В сумерках он — лилово-розовые джунгли, вычурные, невероятные, в разноцветных отсветах, как от разбитой вдребезги призмы; и, приподнявшись на цыпочки, запрокинувши головы в жемчужное закатное небо, чуть покачиваются колокольни и минареты, словно гигантские стебли фенхеля в солончаковой топи, над быстро блекнущей, размытой, длинной полоской берега, над дешевыми кафе, где танцуют негритянки под воркующую скоропись тамтамов или под жеманные, короткие вздохи кларнетов.
«Реальностей на свете всего лишь столько, сколько ты дашь себе труд представить», — пишет Персуорден.

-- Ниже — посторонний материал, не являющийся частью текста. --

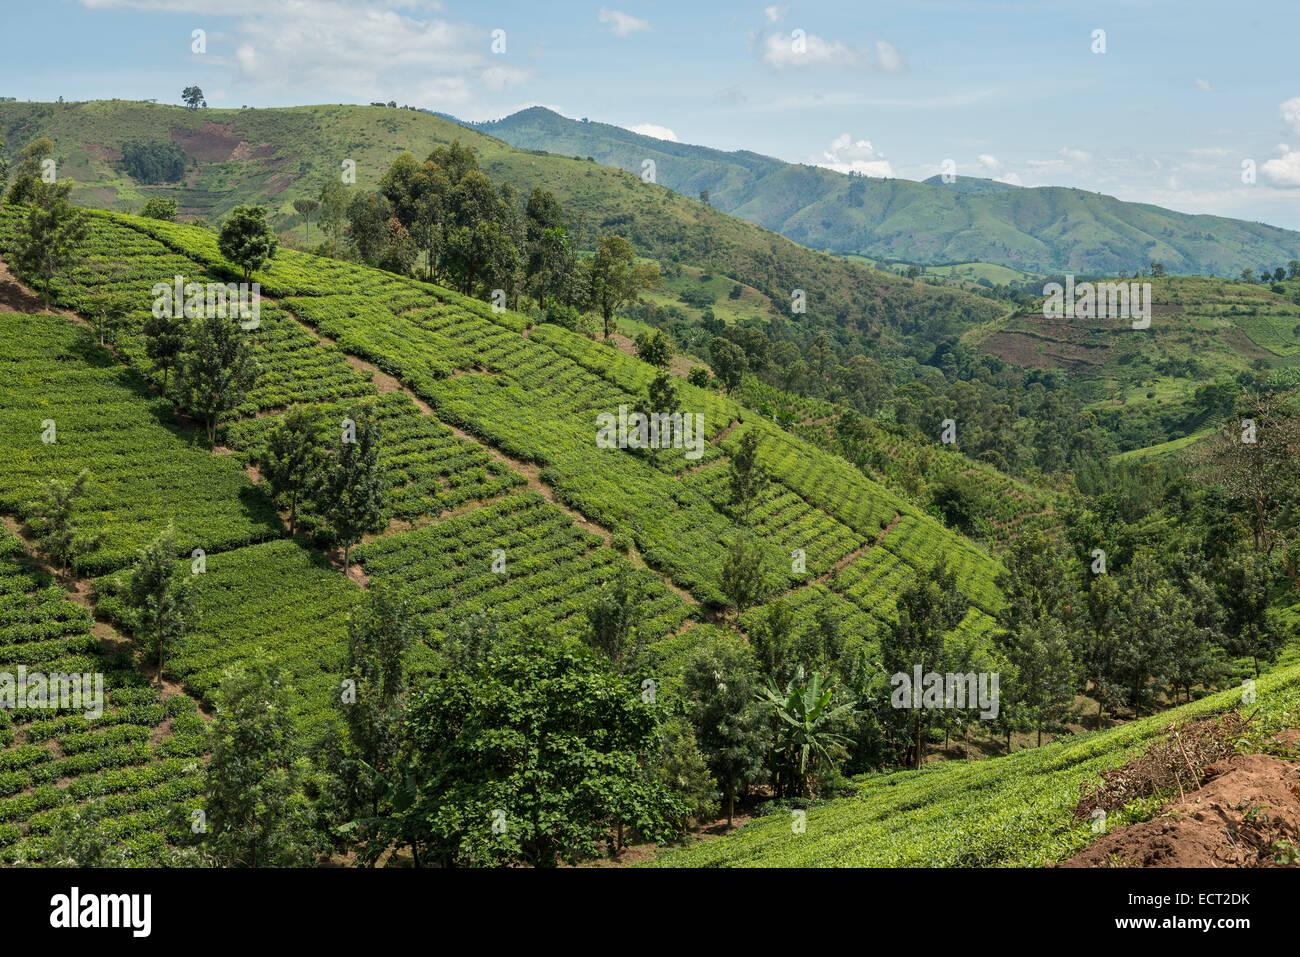 Los campos cultivados en una pendiente, Uganda Imagen De Stock

Наруз без крайней надобности никогда в Александрию не ездил, хоть и любил ее страстно, любовью изгнанника; заячья губа закрыла ему доступ в центр: там обитали люди, знавшие его, он случайно мог попасться кому-то из них на глаза. Яркое, брызжущее светом сердце Города, где протекала разноликая, загадочная, полная заманчивых возможностей и mondanite [74] жизнь брата, было — запретный плод, и он, даже приехав, обрекал себя на тьму окраин. Если дела, имевшие касательство к поместью, требовали неотложного визита в Город, он приезжал едва ли не тайком, на лошади, одетый так, как одевался всегда. Заставить его надеть костюм и сесть за руль автомобиля было невероятно трудно, хотя, если другого выхода не оставалось, он способен был и на это — но крайне неохотно. По большей части он старался свалить такого рода дела на брата, и благодаря телефону жизнь его была намного легче. Но когда Нессим позвонил и сказал, что его агентам так и не удалось вытрясти из Магзуба хоть что-нибудь о ребенке Жюстин, Наруз вдруг почувствовал себя окрыленным — задача, решил он, отныне передоверена ему, и эта мысль ему понравилась. «Нессим, — сказал он в трубку, — какой у нас сейчас месяц? Да, Мизра. Значит, скоро праздник Ситна Мариам, совсем скоро, а? Если он там появится, я постараюсь, чтобы он заговорил». Нессим обдумывал его слова необычно долго, и под конец затянувшейся паузы Нарузу даже показалось, что их разъединили. Он крикнул отрывисто: «Алло-алло!» Нессим тут же отозвался: «Да, да, я здесь. Я просто задумался: ты ведь будешь осторожен, правда?» Наруз рассмеялся коротко и хрипло и пообещал: да, он будет осторожен. Возможность оказать старшему брату услугу всегда была для него подарком. О Жюстин он даже и не думал, о том, что могли бы значить для нее такого рода сведения: она была приобретение Нессима, Нессима же он обожал, восхищался им, любил глубоко, и любовь эта, пожалуй, в чем-то схожа была с простейшим рефлексом — потому что Нессим был Нессим. Наруз был просто обязан сделать все возможное, чтобы помочь Нессиму — помочь ей. Не больше. И не меньше.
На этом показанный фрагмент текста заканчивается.